Читать «Любовь Полищук. Безумство храброй» онлайн - страница 113

Варлен Львович Стронгин

– Люба, иди ко мне! – однажды позвал я ее к себе и протянул руку, но она сказала:

– Это твой концерт и твои аплодисменты.

И не тронулась с места, источая улыбки зрителям, и никто даже не заметил наш краткий диалог. По сути, будучи звездой нашей сцены, она никогда не требовала для себя особых условий в гостиницах, жила в обычном одноместном номере, а при задержке самолета, не раздумывая, улеглась на обычную лавку, подложив под голову капюшон дубленки. Зато на сцене – она была истинная королева: высоко, но, не задирая от гордости подбородок, смотрела в глаза зрителей, была умопомрачительно красива в элегантном, без особых ухищрений темном облегающем платье. И свои десять минут царила на сцене и грустная, и смешная, делясь со зрителями фрагментами из своей жизни, исполняя монологи так искренне и искусно, что зрители даже не могли подумать, что рассказанное ею, написано кем-то другим. Она не играла жизнь, а жила на сцене. Это шло от доброты ее души, сопереживания нелегкой жизни людей и великого мастерства перевоплощения, большей частью – накопленного на репетициях в театре и дома. Природа наделила Любу талантом без осторожностей, и поэтому она позволяла себе быть смелее и вольнее на сцене, чем другие мастера, и этой своеобразной свободой поведения она отличалась от них, и это ценил зритель.

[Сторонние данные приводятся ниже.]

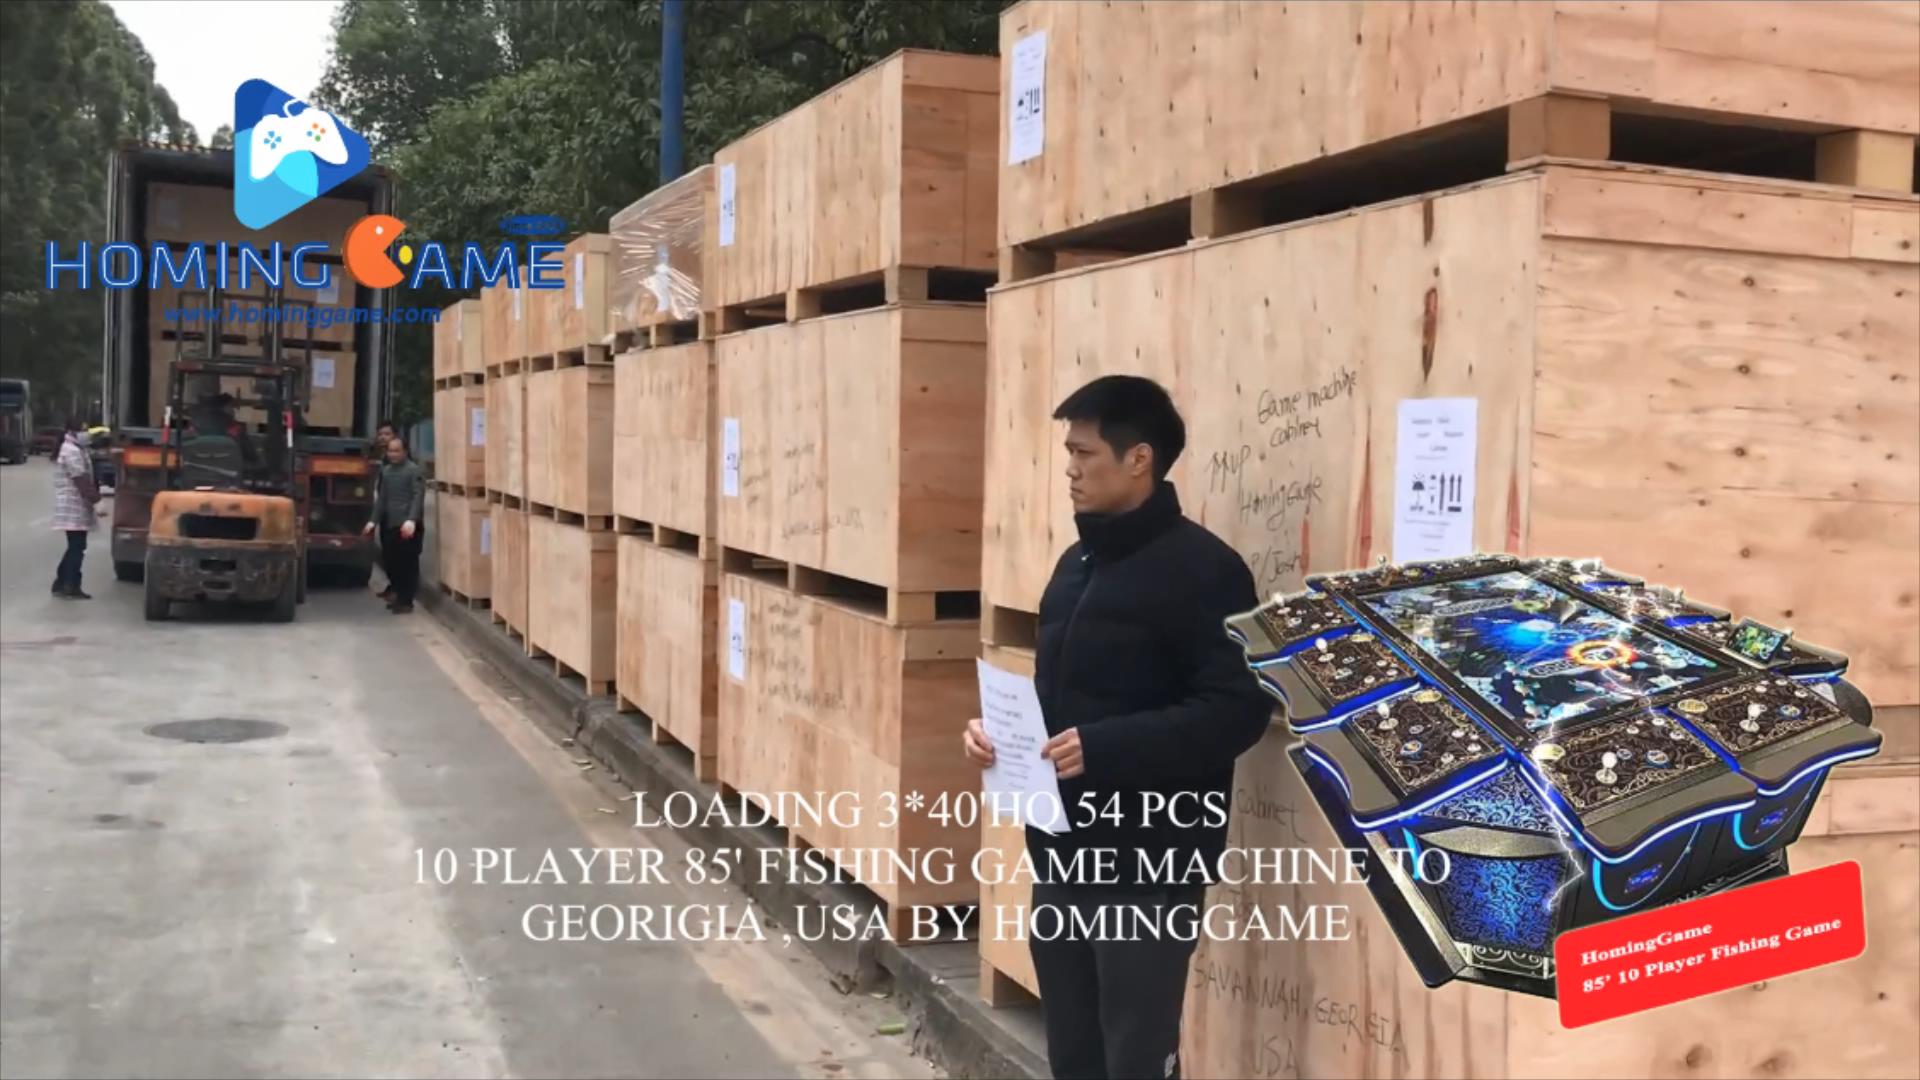 Fishing Game-Date 9th Jan 2021 Deliver 3 40'HQ Container total 54 pcs HomingGame Hot Sale 85' 10 player Fishing Table game machine to Georigia,USA(Order call whatsapp:+8618688409495 or Email:sales@...,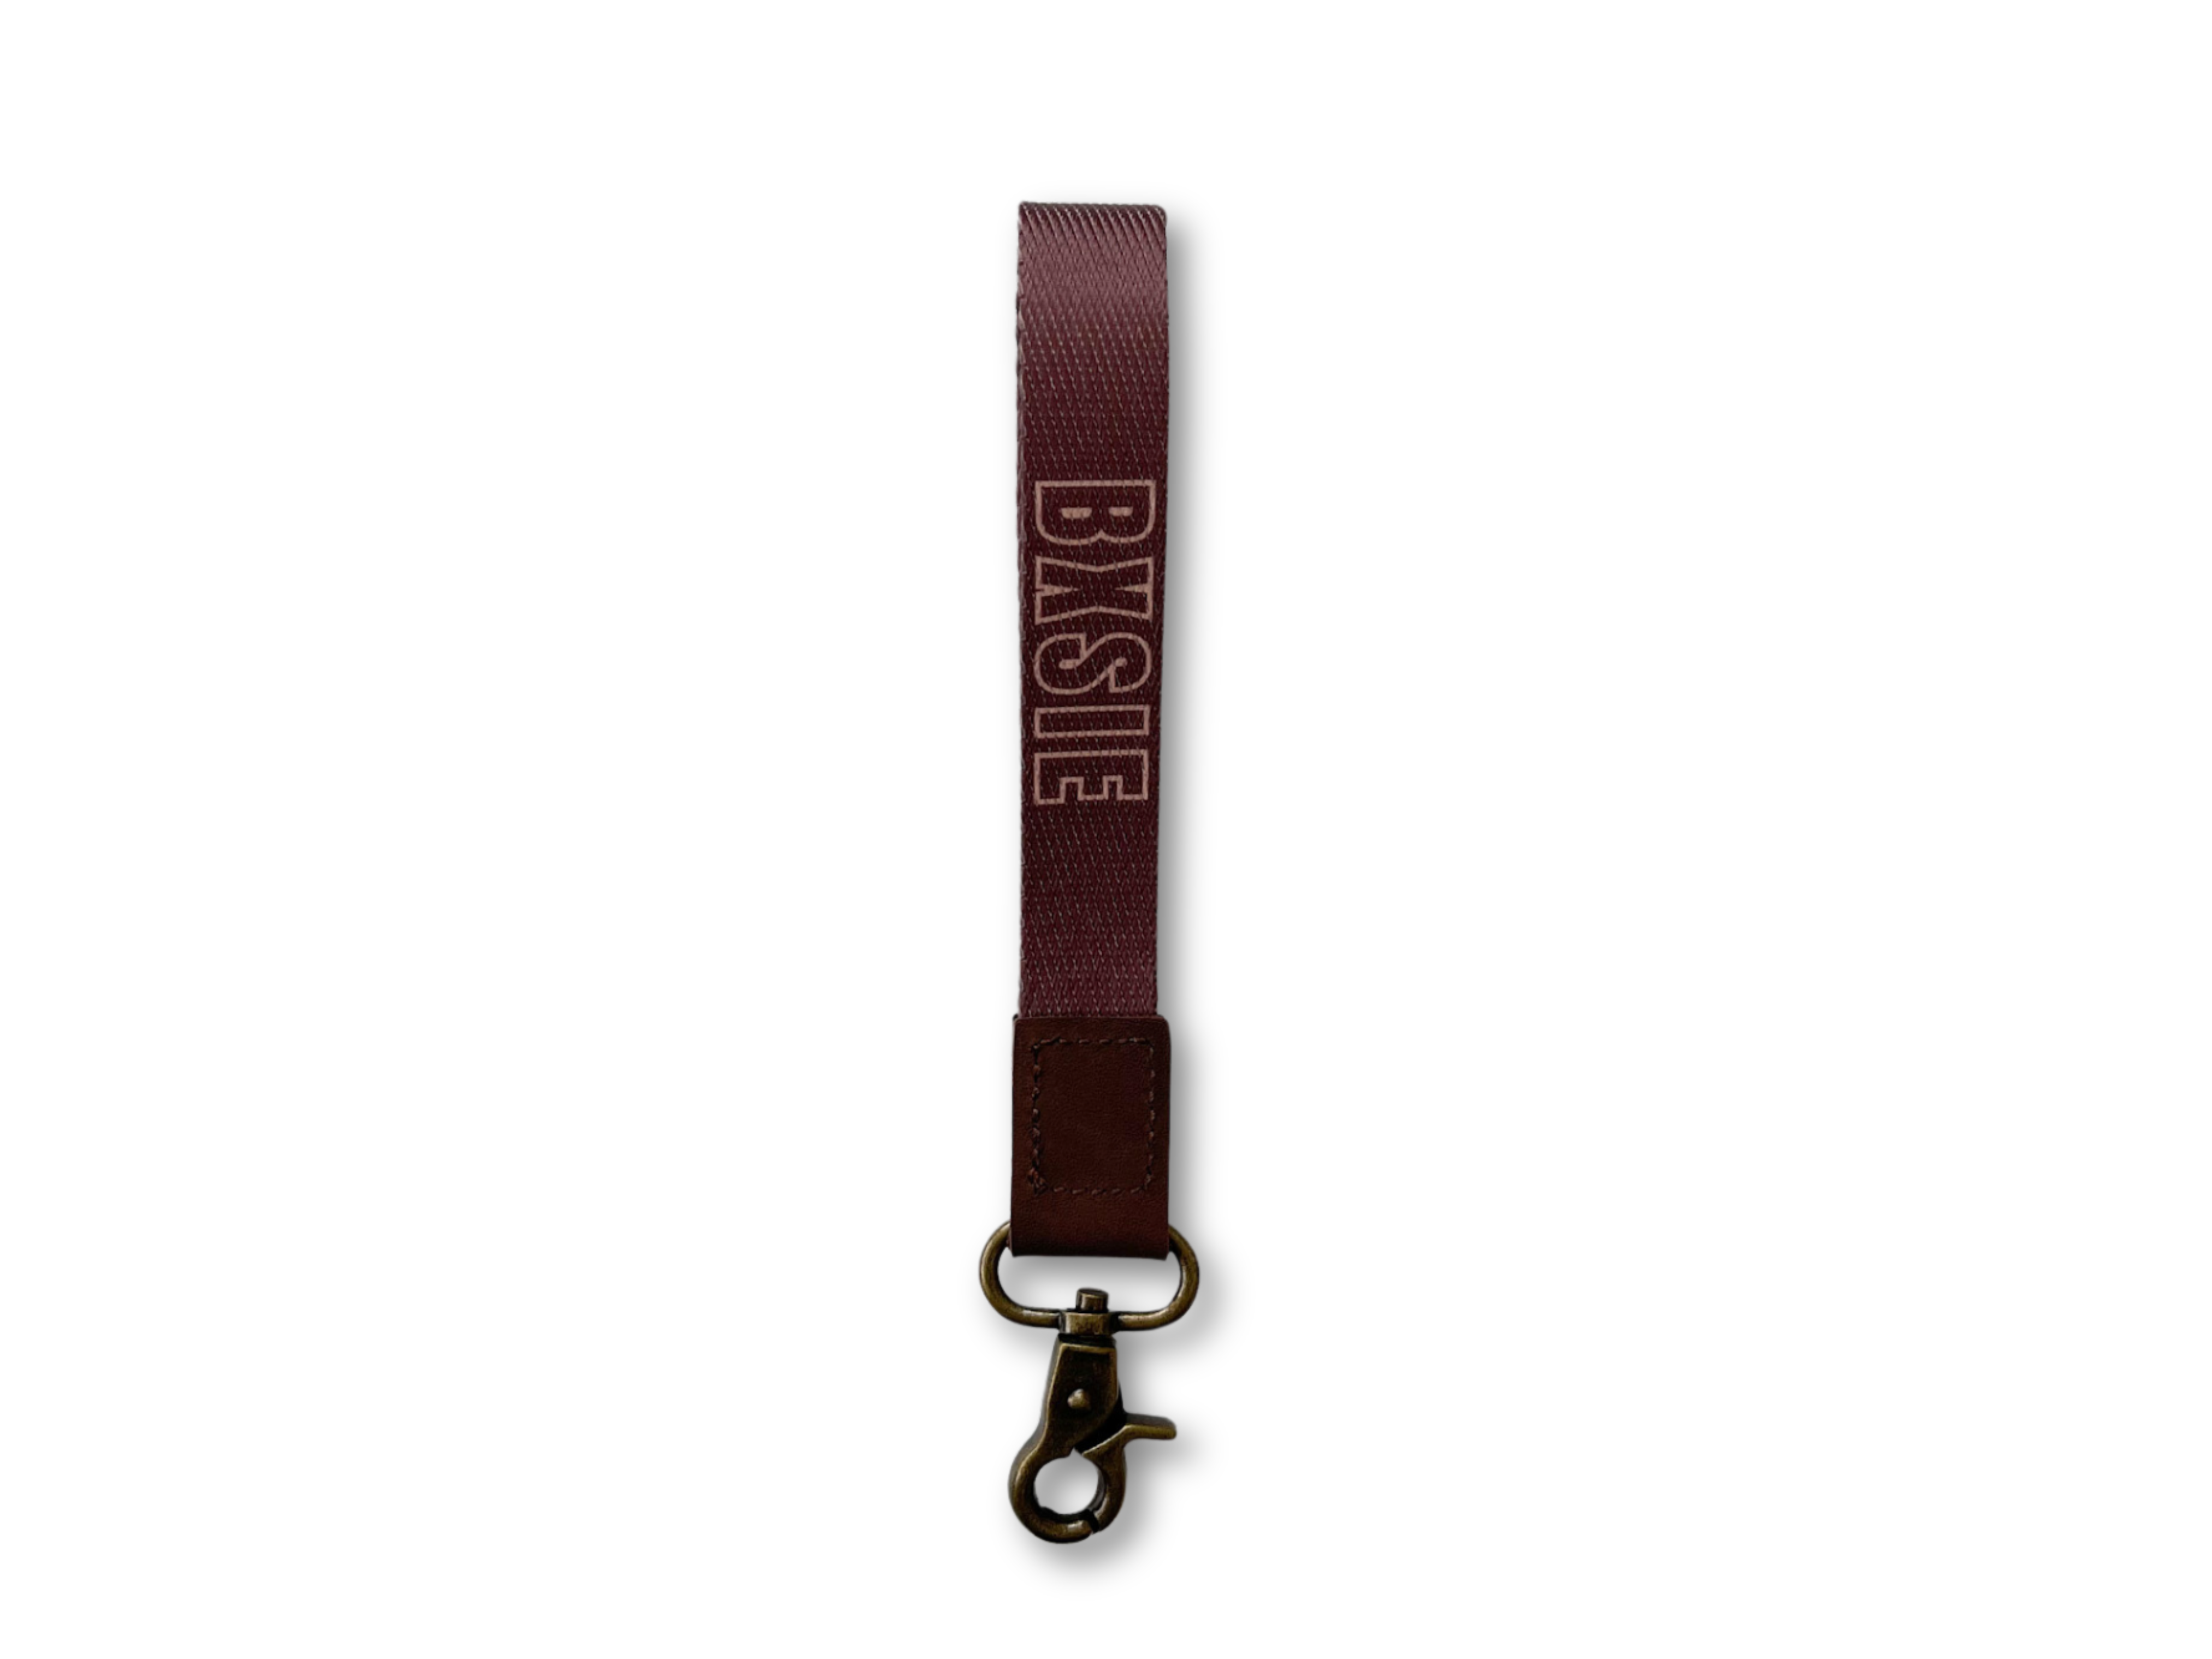 BXSIE keychain wristlet for keys, front view, brown and bronze

Власти культуры, и не только, не любили Любу, зная от стукачей ее резкие высказывания в их адрес, но терпели, так как она не участвовала ни в каких политических акциях, вроде Марша недовольных, митингов на Пушкинской и встречей с Кондализой Райс, когда она приезжала в Россию. Помнили, что Люба в пылкой форме отказалась вступить в парию: «Я хочу быть свободной!» Поэтому с трудом решились пустить ее вместе с театром на гастроли в Израиль. Ведь пригласили туда театр именно с актрисой Любовью Полищук. А там случилось непредвиденное нашими властями. Гости Израиля – евреи из Германии, были восхищены ее игрой и через свою немецкую театральную концертную организацию пригласили ее к себе. Люба Полищук с блеском отыграла спектакль на оперной сцене в Бонне. У выхода из здания оперы ее ждали сотни поклонников. Каждый стремился пожать ей руку, сказать слова благодарности. Для многих она стала театральным открытием, и на следующий день, когда автобус с нею направился в Лихтенштейн, вслед за ним устремилась кавалькада машин с русскими эмигрантами, не сумевшими ее услышать в Бонне. Можно утверждать наверняка, что если бы она эмигрировала из России, то стала бы за границей звездой мирового значения. Во времена знакомства с Любой я узнал отличного виолончелиста Давида Герингаса, выигравшего тогда первый приз на международном конкурсе Чайковского в Москве. У него за целый год состоялся в Москве всего один открытый концерт – в зале Гнесинского института, куда он и пригласил меня, после чего я написал напечатанный в журнале «Юность» рассказ «Спасибо Федькиной жене» – об удивительном и благородном влиянии классической музыки на чувства и сознание простого рабочего человека, случайно попавшего на концерт. Пожалуй, это было своеобразной, но единственной рецензией на творчество ныне широко известного во всем мире музыканта и профессора консерваторий, приезд которого в Россию всегда желателен и оценивается очень высоко (цена одного билета в Большой зал консерватории – десять тысяч рублей). На фоне его жизни, судеб Барышникова, Хворостовского, Нетребко жизнь Любы Полищук выглядит весьма бедной. Ее творческий потенциал использован не более чем на десять процентов. С ее участием снят лишь один фильм мирового значения. Ее не ценили. Не берегли. Не говоря уже о том, что пятнадцать лет назад наверняка могли бы применить меры, спасшие ее жизнь. Для нее писали бы пьесы и сценарии, ее творчество стало бы достоянием мира, гражданкой которого она, по сути, и являлась.